(Work request):
Omitting all pictures, print the lines of the listing from the one containing "Защитное стекло ONEXT" through the final line, both ends included, with no other text.

(Supplied information):
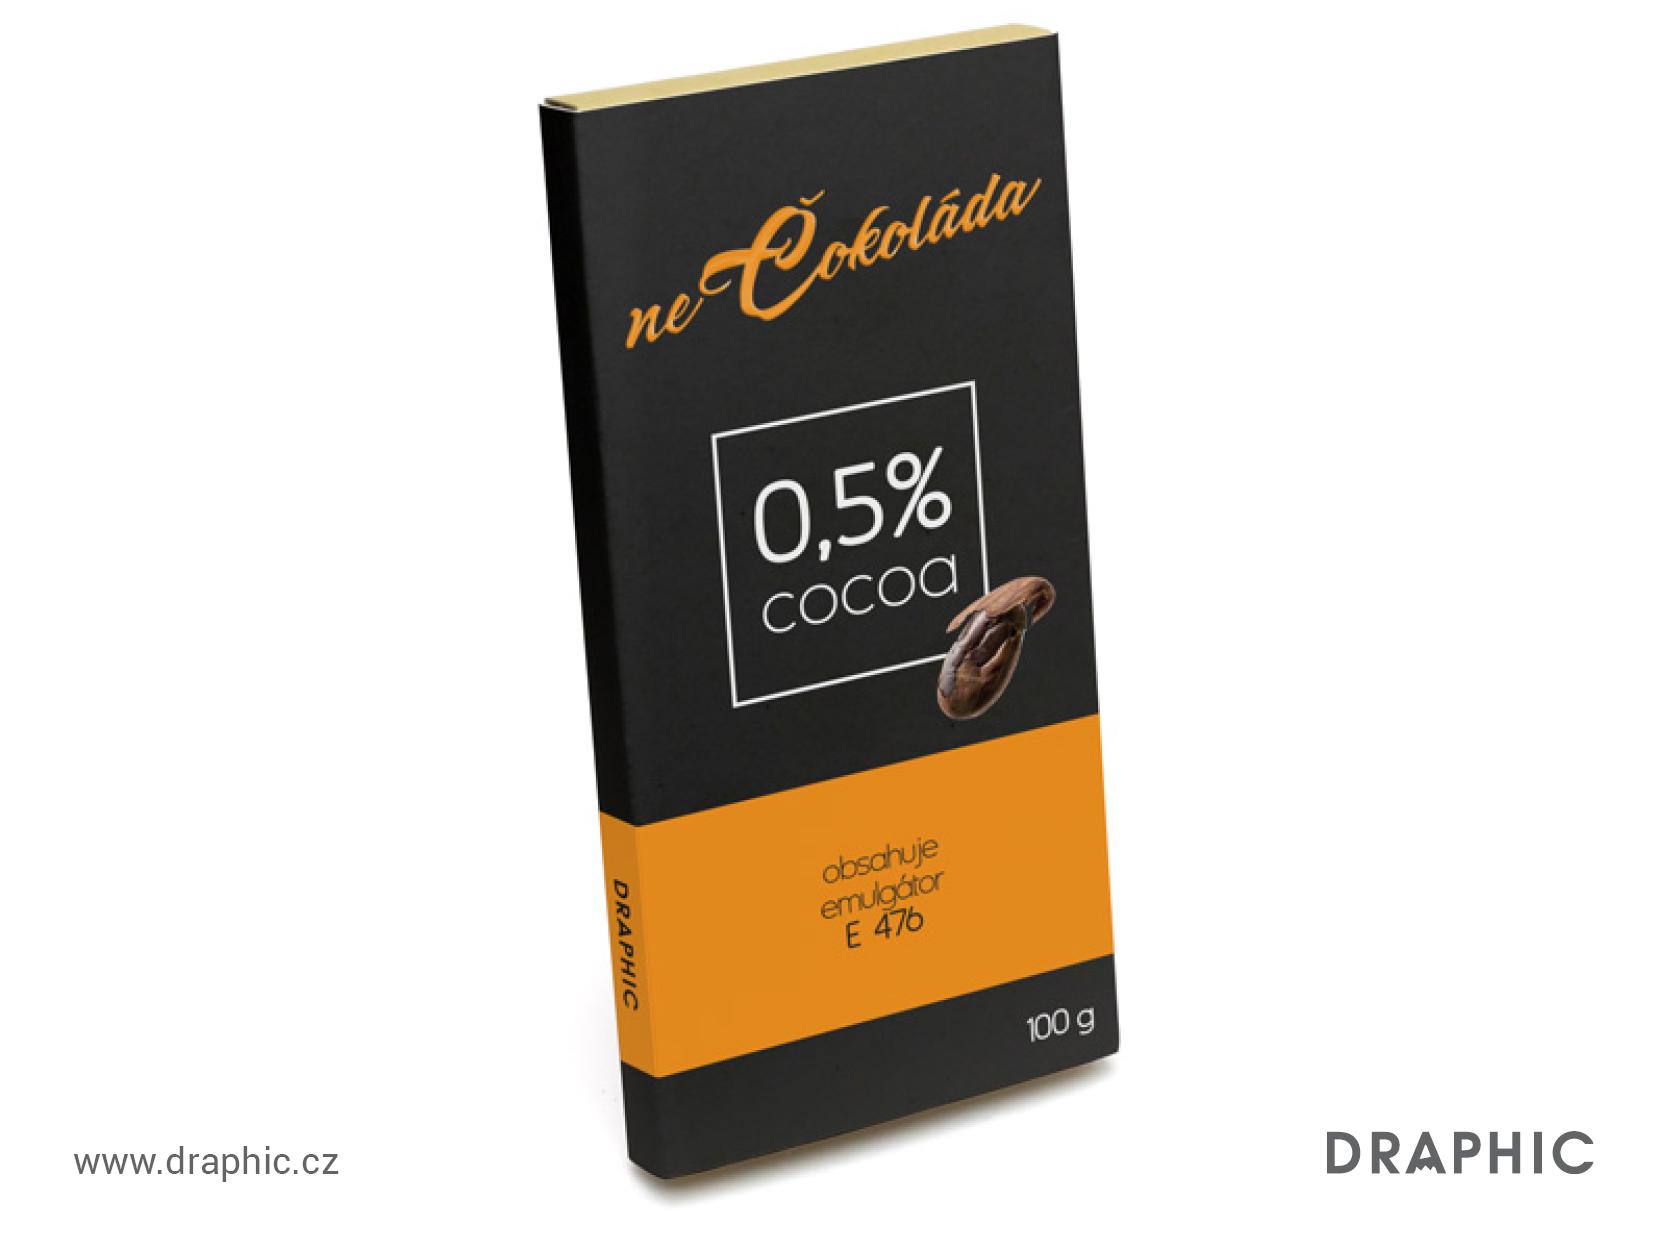 draphic-06
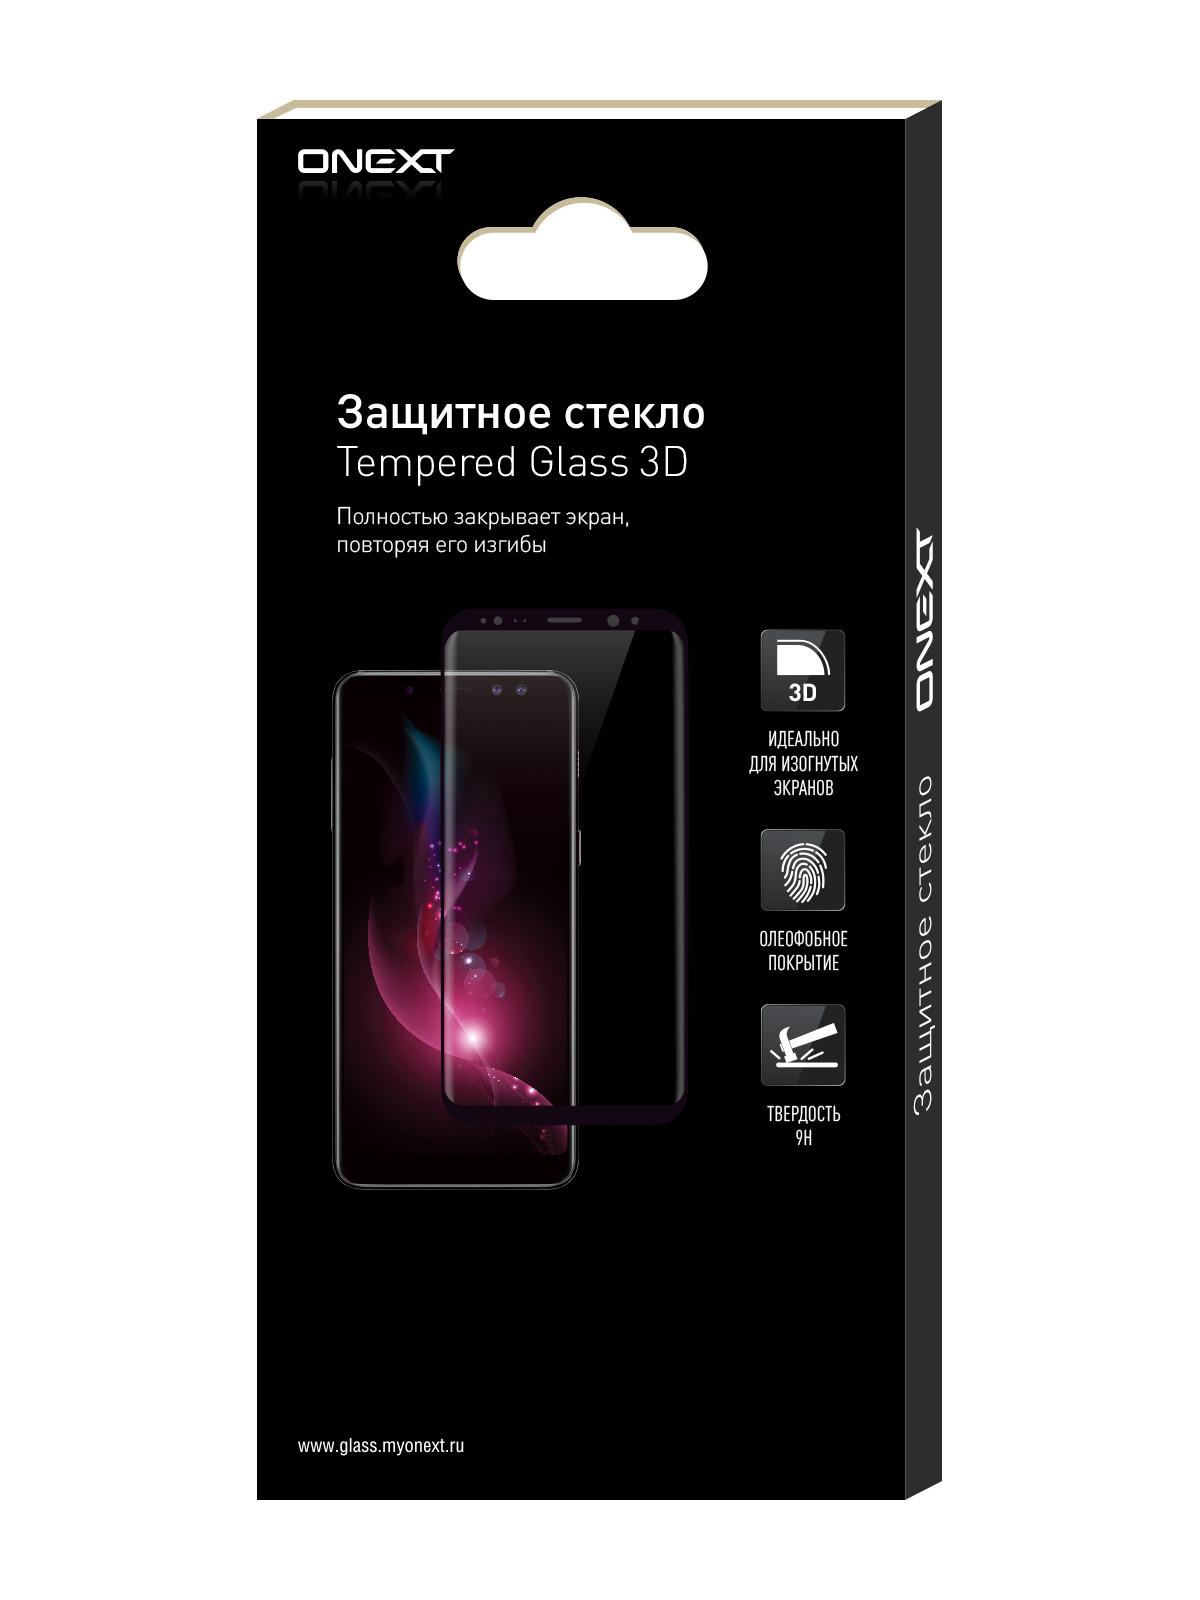 Защитное стекло ONEXT для Huawei P30 Pro Black
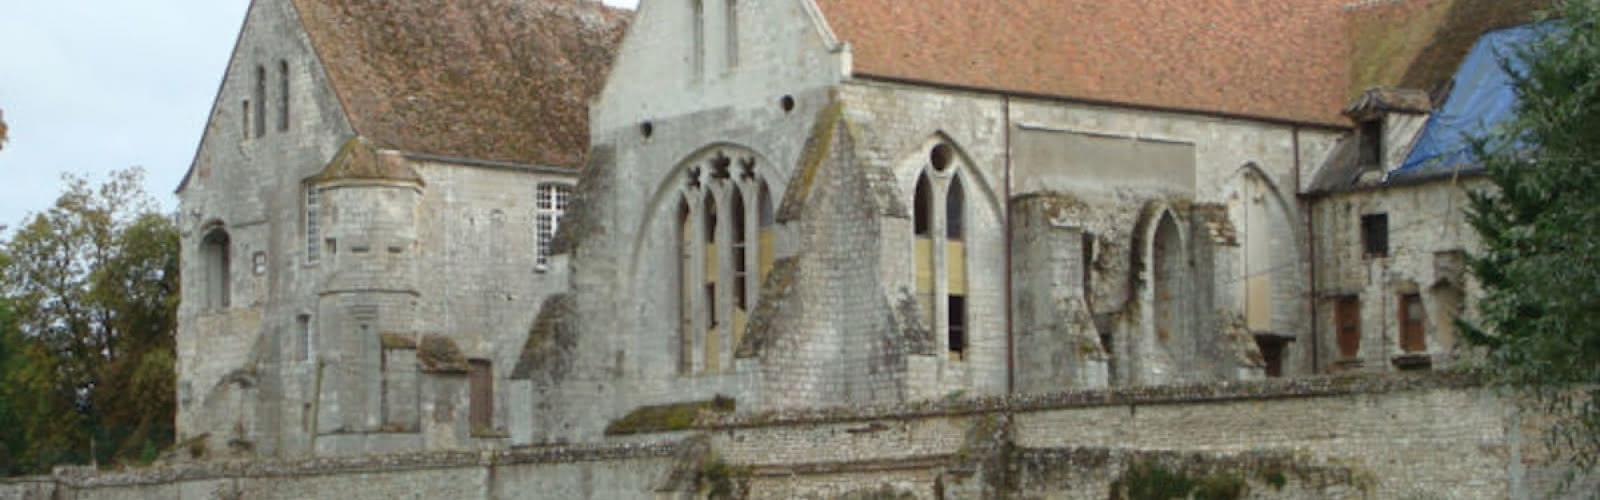 Les abbayes cisterciennes médiévales : l'exemple normand
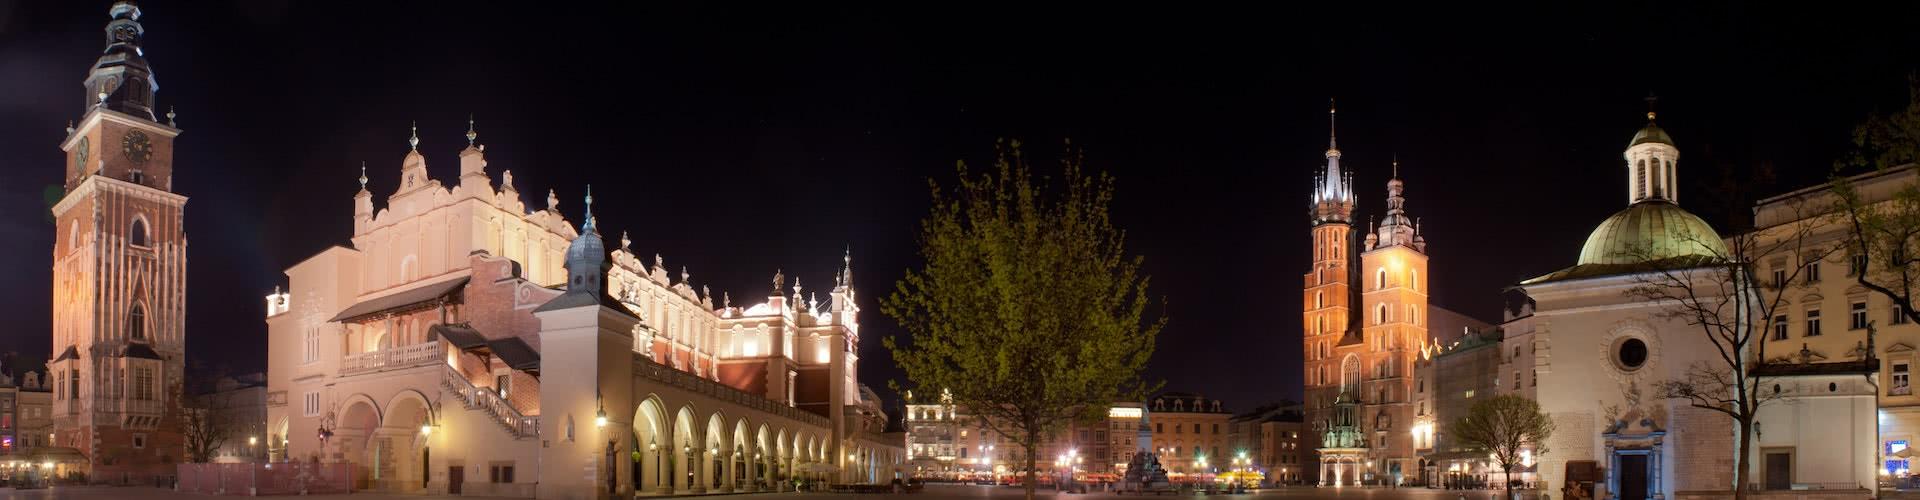 Titelbild von Krakau

(Solution):
 Защитное стекло ONEXT для Huawei P30 Pro Black
 Les abbayes cisterciennes médiévales : l'exemple normand
 Titelbild von Krakau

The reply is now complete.